I was thinking about the next ten years of Airbnb when I received a phone call I’ll never forget. A close advisor told me that now was the time to “institutionalize your intentions so that even as you grow, you can minimize what conflicts with your vision.” It made me realize that we should write down what we want to institutionalize before it’s too late. So I asked myself, if Joe, Nate and I were gone tomorrow, what would we want the world to know about Airbnb’s intentions?

Airbnb is still young, and the cement hasn’t hardened. We are now big enough where anything is possible, but not so big that change would be nearly insurmountable. We can still be radical, and it couldn’t come at a more perfect time in the world. People are increasingly living in digital bubbles, trust in institutions is at a record low, and companies realize they have a greater responsibility to society.

It’s clear that our responsibility isn’t just to our employees, our shareholders, or even to our community - it’s also to the next generation. Companies have a responsibility to improve society, and the problems Airbnb can have a role in solving are so vast that we need to operate on a longer time horizon.

Technology has changed a lot in my lifetime, but how companies run has not. Companies face pressures based on legacies from the 20th-century, and the convention is to focus on increasingly short-term financial interests, often at the expense of a company’s vision, long-term value, and its impact on society. You could say that these are 20th-century companies living in a 21st-century world.

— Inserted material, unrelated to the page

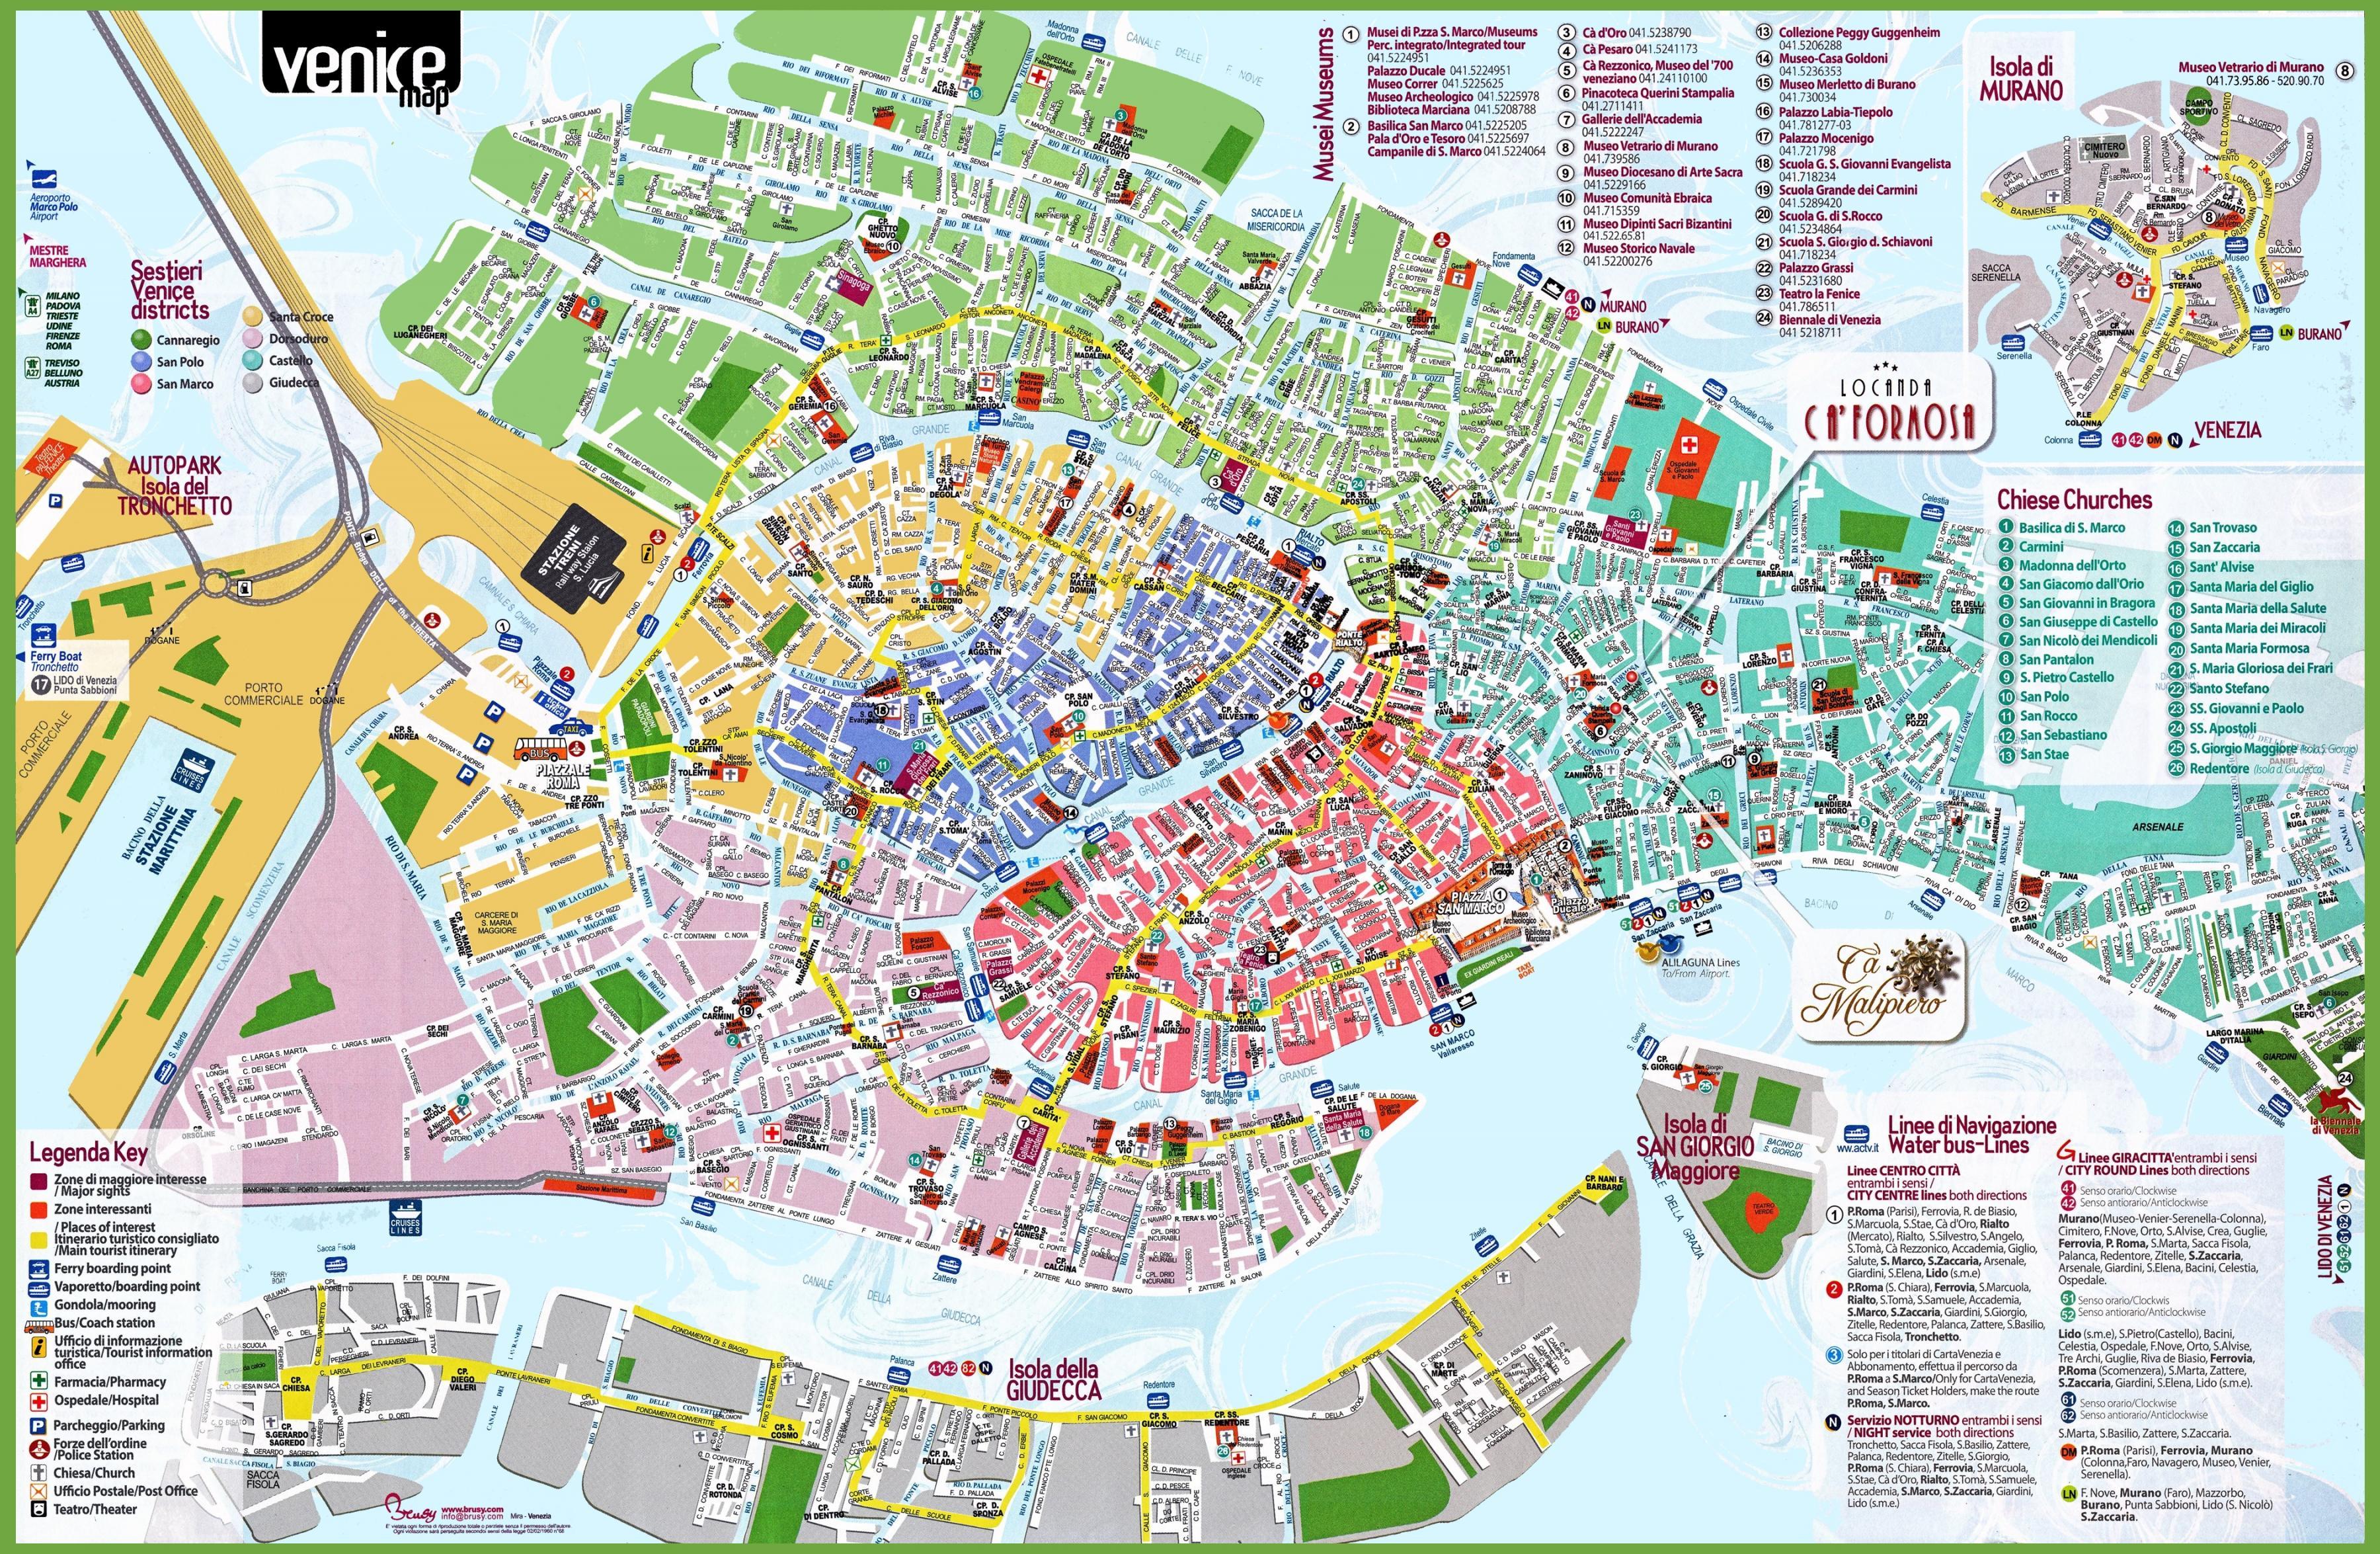 Turist Kort Over Venedig Italien Venedig Og Turistinformation

We want to design a company to meet the unique needs of the 21st-century. We want Airbnb to be a 21st-century company with two defining characteristics:

  1. We will have an infinite time horizon.
  2. We will serve all of our stakeholders.

Infinite time horizon
I know that a lot of companies are thinking about being long-term oriented, but an alternative way of thinking about it is being infinite. Being an infinite company is an idea that my friend, author Simon Sinek, has been discussing with me. Simon explained that a company’s purpose is to advance its vision, and since a vision is a mountaintop you never quite get to, you should have an infinite time horizon. But many companies are designed to be finite. Finite companies are focused on beating their competitors and appeasing short-term interests. But business is not finite. Unlike sports, there is no time clock, so there can be no winning or losing - there is merely surviving and innovating to endure. This doesn’t mean that meeting clear goals isn’t important or that you should lose your sense of urgency and avoid tough decisions. Short term success is still important so long as it advances your vision. As Simon put it, it means that your focus should be on getting to the mountaintop, not the rest stop on the way up the mountain.

We think that a company should survive to see the next century, not just the next quarter. A 21st-century company should eventually become a 22nd-century company. By having an infinite time horizon, a company can be more audacious, take more responsibility for what they make, and create more lasting change.

• We are instituting many actions to begin to put this ideal into practice, starting on February 22, where we’ll be announcing the next chapter to empower a host-led world with some substantial improvements to our service that set us up for an infinite time horizon.
Serving all stakeholders
What is the purpose of a company? I would say its purpose is to realize its vision. But even this is no longer enough. We must realize our vision and ensure our vision is good for society. This means that we must have the best interest of three stakeholders in mind: Airbnb the company (employees and shareholders), Airbnb the community (guests and hosts) and the world outside of Airbnb.

To be a 21st-century company, we must find harmony between these stakeholders. For example, Airbnb the company must remain values-led, leading with boldness and compassion, while also building a highly valuable business. Airbnb must treat hosts in our community as partners and make guests feel like they belong. All the while, Airbnb must serve and strengthen local communities, while expanding diversity and acceptance in the world. Serving stakeholders means being honest about where we need to improve because we know we are far from perfect. One area we are focused on is making sure that, in markets that are significantly housing constrained, the Airbnb community is helping people stay in their homes and share their communities and not negatively impacting housing.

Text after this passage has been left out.